• [INSTRUCTIONS TO FOLLOW]: Each line of the material must be reproduced exactly; pictures stay out.

• [MATERIAL PROVIDED]:
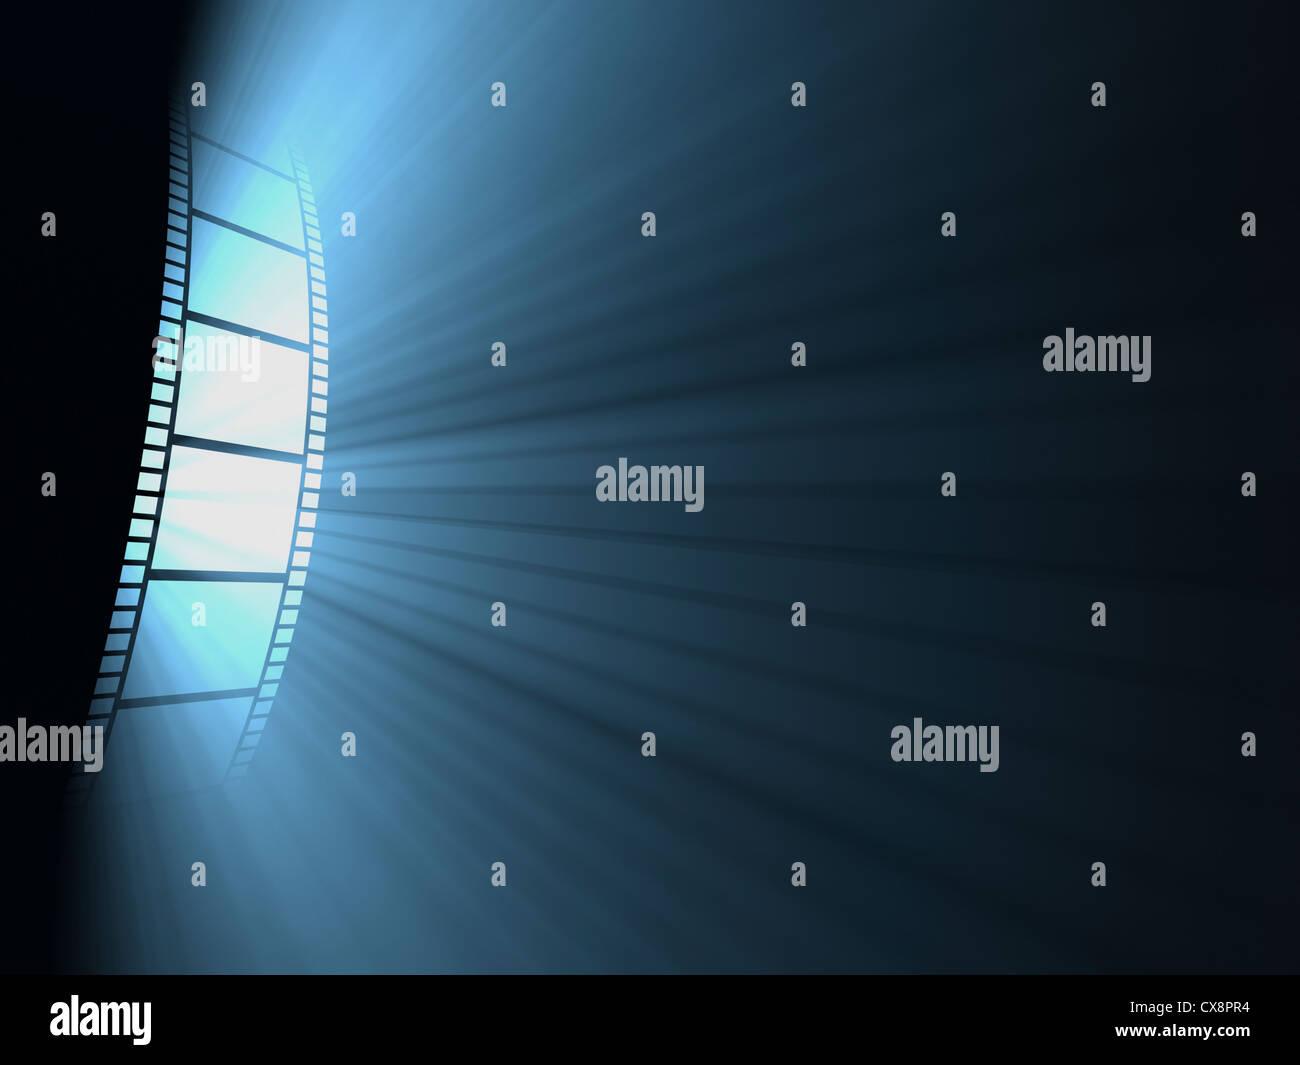 Bobina di pellicola, il concetto di industria cinematografica. Immagini Stock
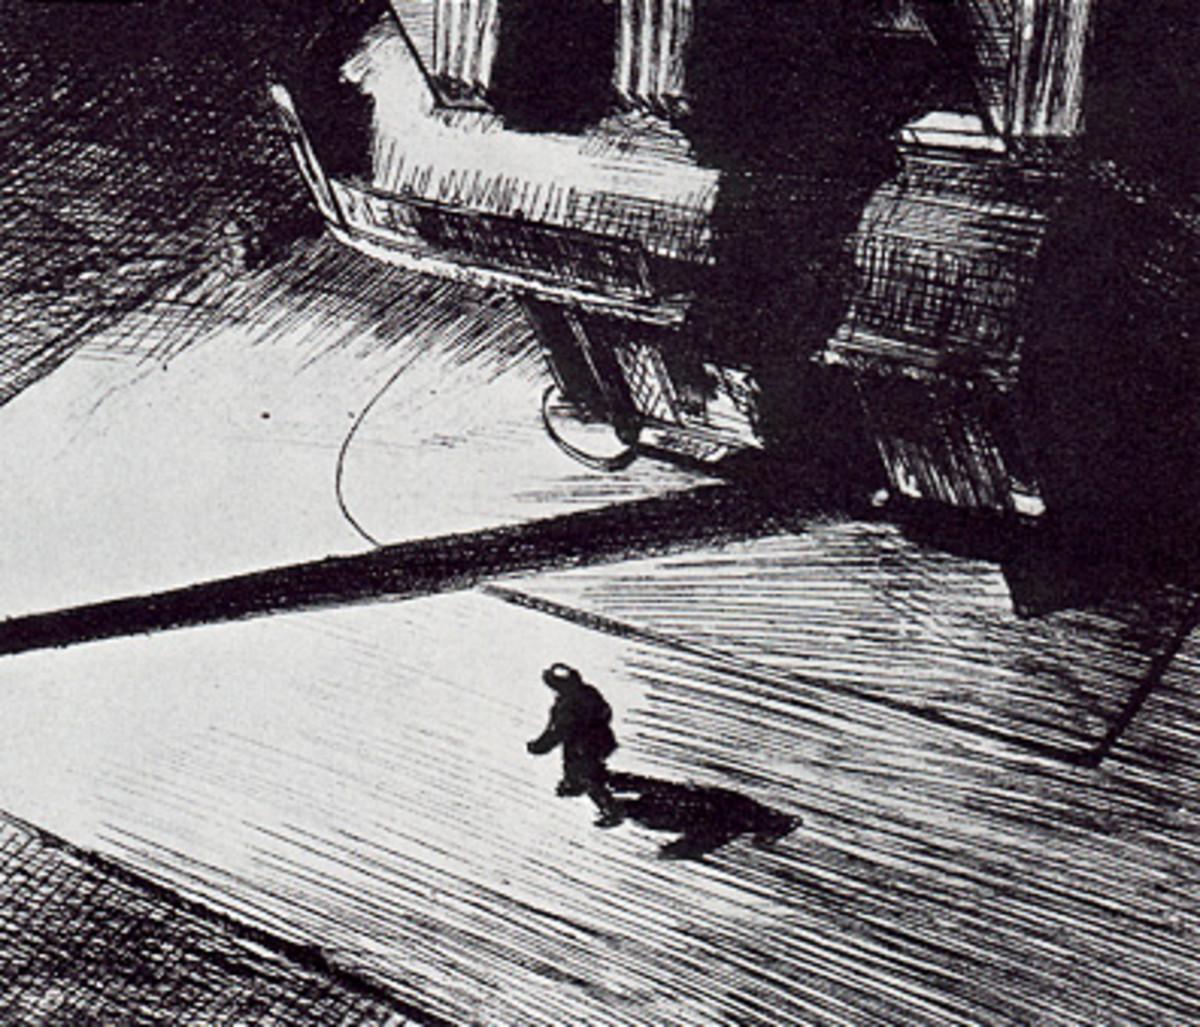 Night Shadows, Edward Hopper, 1921
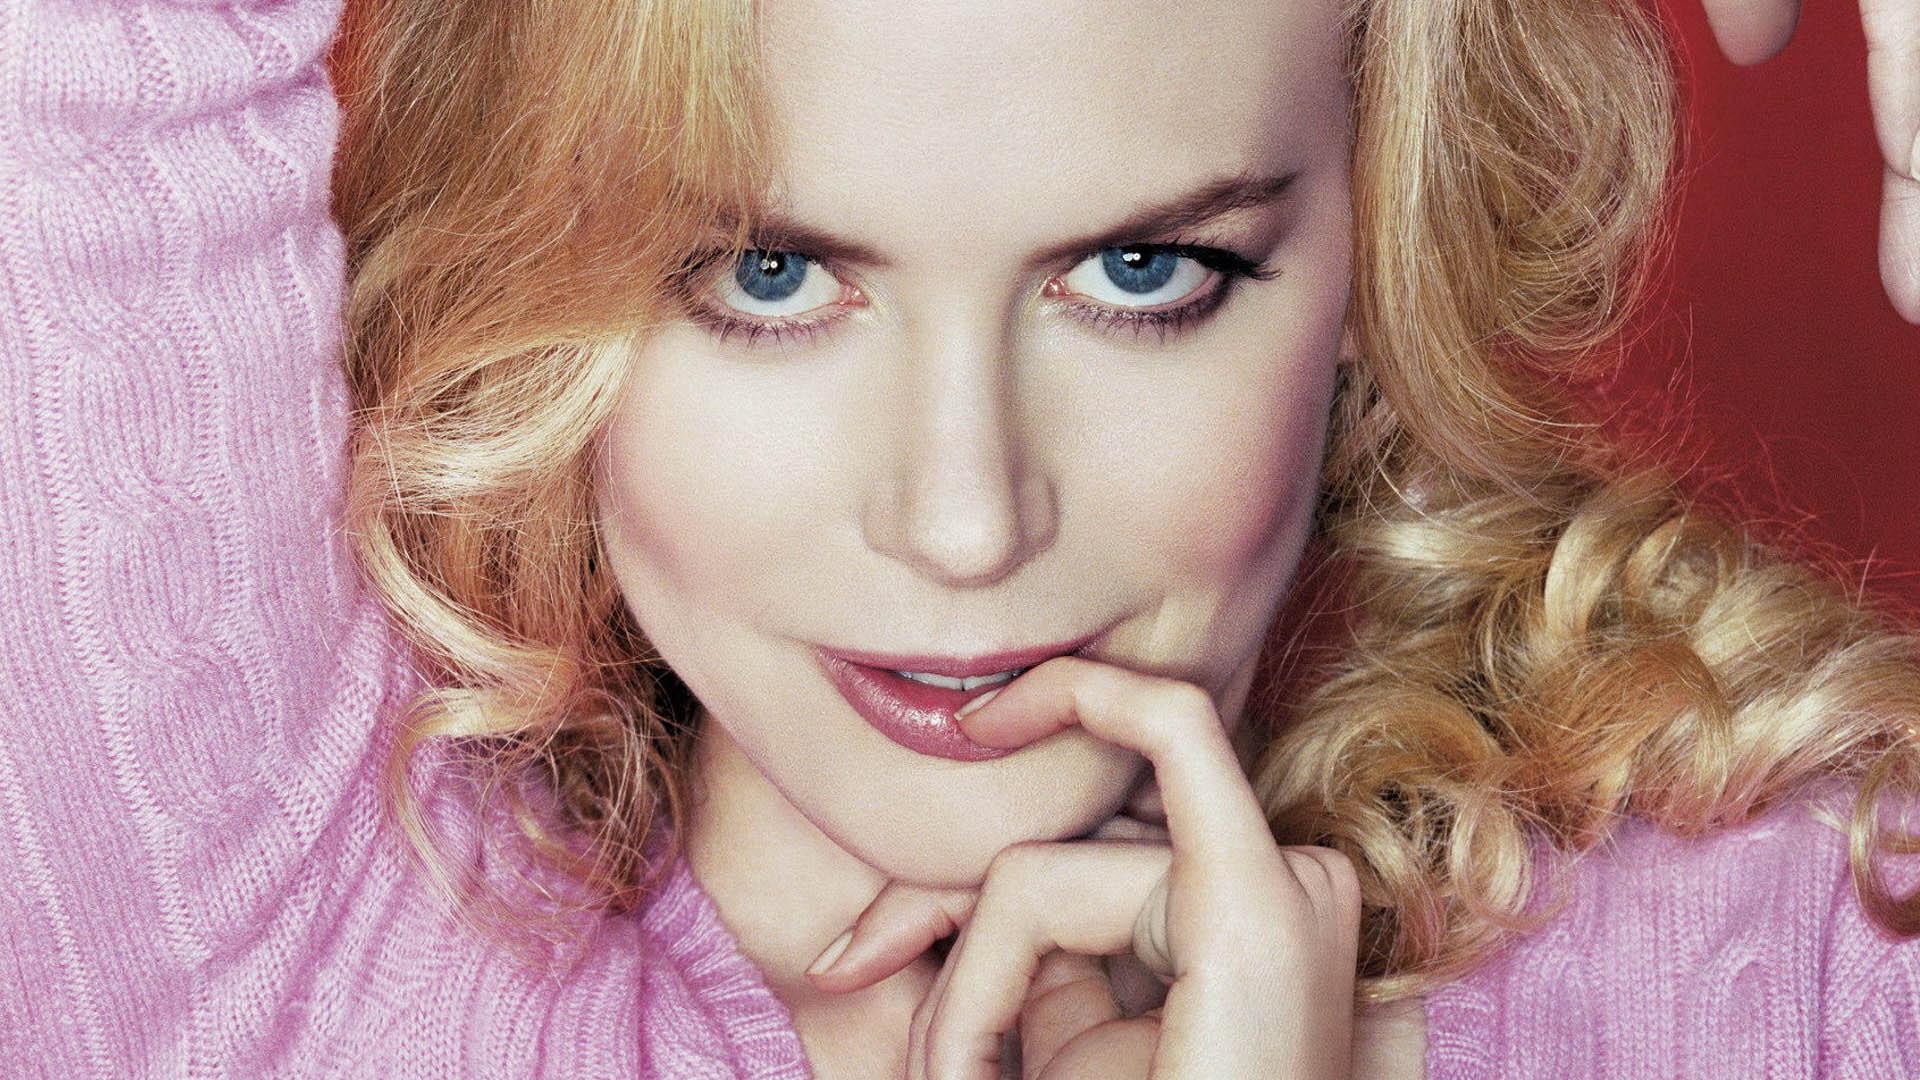 Nicole Kidman Desktop wallpapers

• [ANSWER]:
 Bobina di pellicola, il concetto di industria cinematografica. Immagini Stock
 Night Shadows, Edward Hopper, 1921
 Nicole Kidman Desktop wallpapers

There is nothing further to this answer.